Деяния фашистов и других им соответствующих партий были эмоциональными,
рефлекторными действиями, вызванными возмущением против деяний большевиков и
коммунистов. Как только прошел первый приступ злости, их политика приняла более
умеренный курс и, возможно, станет еще более умеренной с течением времени.
<Напомним читателю, что книга Л.Мизеса была написана в 1927 году. Развитие
идеологии и практики фашизма в последующие годы быстро отбило охоту у либералов
видеть в нем союзника в борьбе с коммунистами.
-- Прим. науч. ред.>
Эта умеренность является результатом того, что традиционные либеральные
взгляды по-прежнему продолжают неосознанно влиять и на взгляды фашистов. Но как
бы то ни было, и переход правых партий к тактике фашизма показывает: сражение
против либерализма окончилось такими успехами, которые всего лишь немного
времени назад считались бы совершенно немыслимыми. Многие люди одобряют методы
фашизма, потому что, несмотря на то что его экономическая программа является в
целом антилиберальной, а политика -- совершенно интервенционистской, они далеки
от того бессмысленного и неограниченного деструкционизма, которым коммунисты
заклеймили себя как архивраги цивилизации. Другие, полностью отдавая себе отчет
в том, какое зло несет фашистская экономическая политика, смотрят на фашизм, в
сравнении с большевизмом и советизмом, как, по крайней мере, на меньшее из зол.

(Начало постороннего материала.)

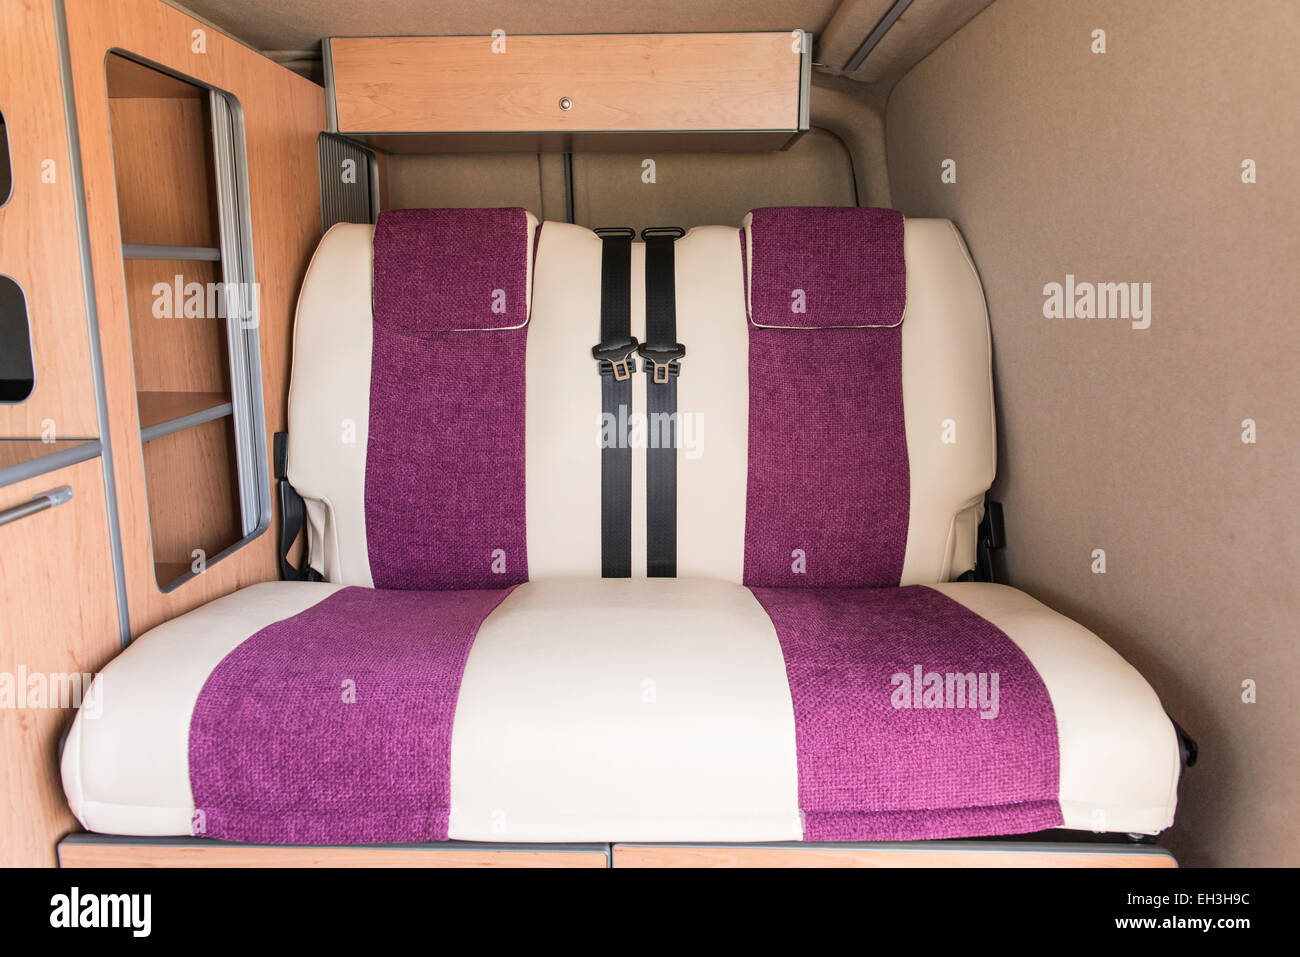 Eine benutzerdefinierte baute Volkswagen VW Campingbus bereit für Reisen rund um und schlafen / Leben in Luxus und frei zu sein Stockfoto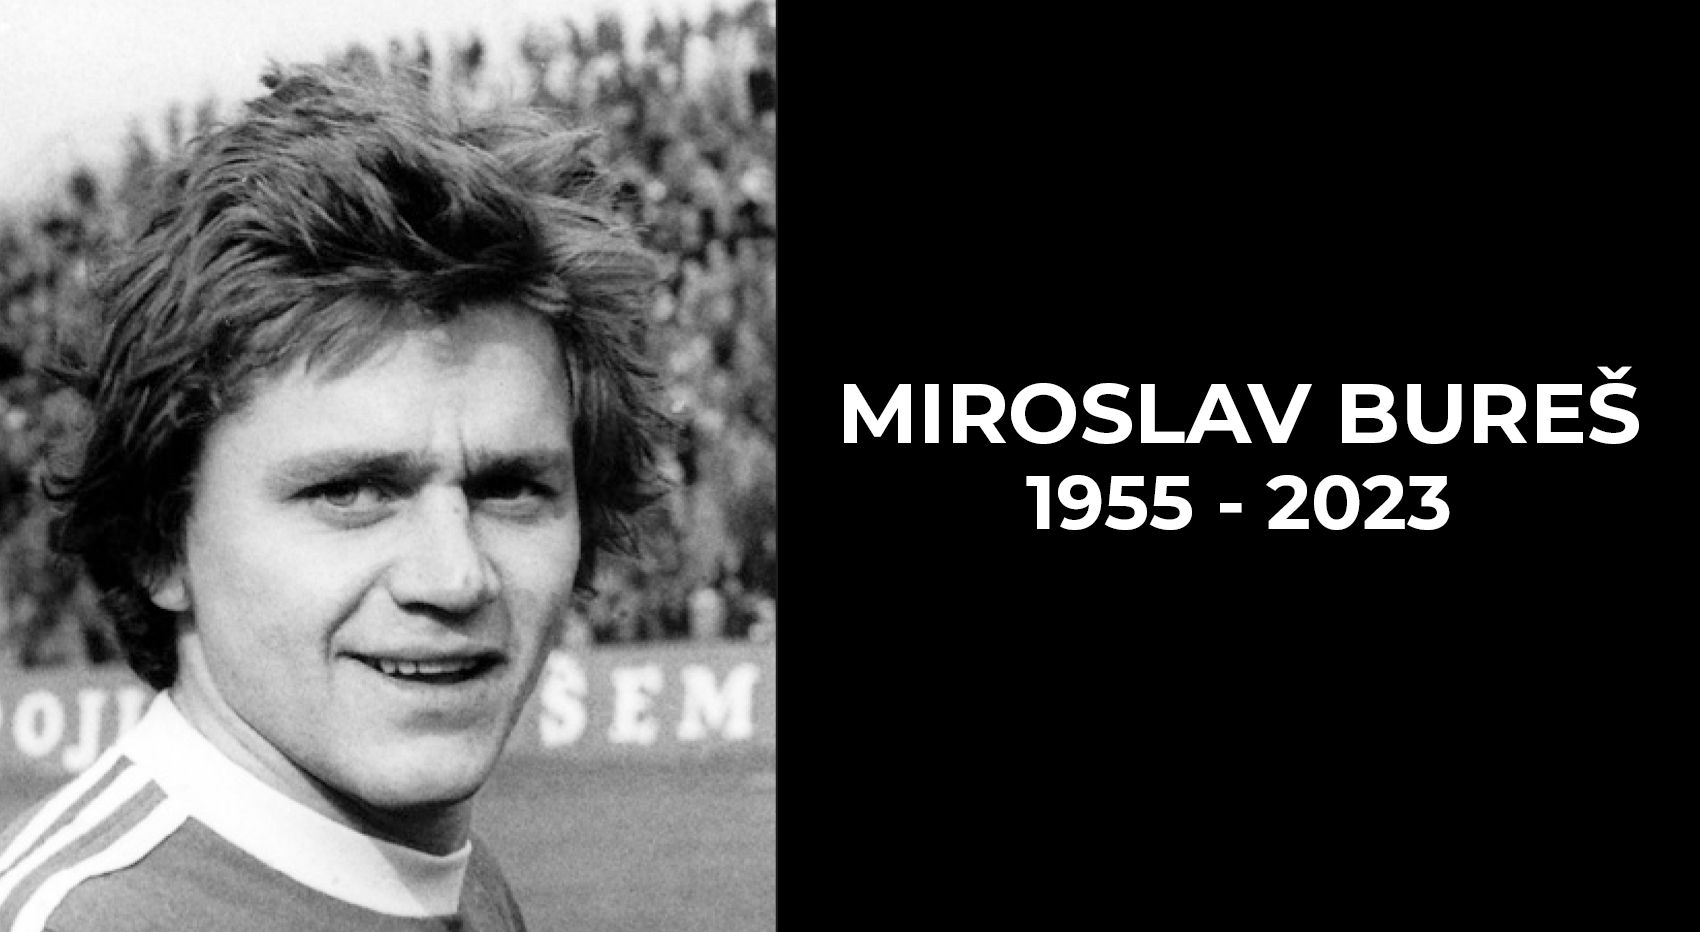 Ve vku 68 let ns bohuel navdy opustil pan Miroslav Bure...

Однако же для большинства открытых или тайных сторонников и почитателей
привлекательность фашизма состоит именно в насильственном характере его методов.
Теперь невозможно отрицать, что единственный способ, которым можно оказать
действенное сопротивление насильственным методам,
-- это насилие. Против оружия
большевиков в качестве ответной меры следует применять оружие, и было бы ошибкой
проявлять слабость перед убийцами. Ни один либерал никогда не подвергал это
сомнению. Либеральную политическую тактику от фашистской отличает не различие во
взглядах на необходимость использовать силу оружия для сопротивления вооруженным
нападениям, а различие в фундаментальной оценке роли насилия в борьбе за власть.
Огромная опасность, угрожающая внутренней политике со стороны фашизма, лежит в
его безграничной вере в решающую роль насилия. Для того чтобы добиться успеха,
надо быть исполненным воли к победе и всегда действовать силой. Это высочайший
принцип фашизма. Что происходит, однако, когда чей-либо противник, точно так же
воодушевленный волей к победе, действует точно так же насильственно? Результатом
должна стать битва, гражданская война. Окончательным победителем будет более
многочисленная сторона. В конечном итоге меньшинство, даже если оно состоит из
наиболее способных и энергичных, не может добиться успеха в сопротивлении
большинству. Решающий вопрос, следовательно, остается всегда один: каким образом
можно добиться большинства для своей партии? Это, однако, дело чисто
интеллектуального характера. Такого рода победа может быть одержана только с
помощью разума, а не силы. Подавление всей оппозиции одним только насилием
-- наиболее неудобный способ завоевания сторонников любого курса. Использование
прямой силы -- так уж устроено общественное мнение
-- попросту вербует новых
друзей для тех, с кем пытаются таким образом бороться. В борьбе между силой и
идеей всегда побеждает идея.
Фашизм может восторжествовать сегодня потому, что всеобщее возмущение
бесчестьями, творимыми социалистами и коммунистами, завоевало ему симпатии
широких кругов. Но когда свежее впечатление от преступлений большевиков
несколько потускнеет, социалистическая программа снова станет привлекать массы.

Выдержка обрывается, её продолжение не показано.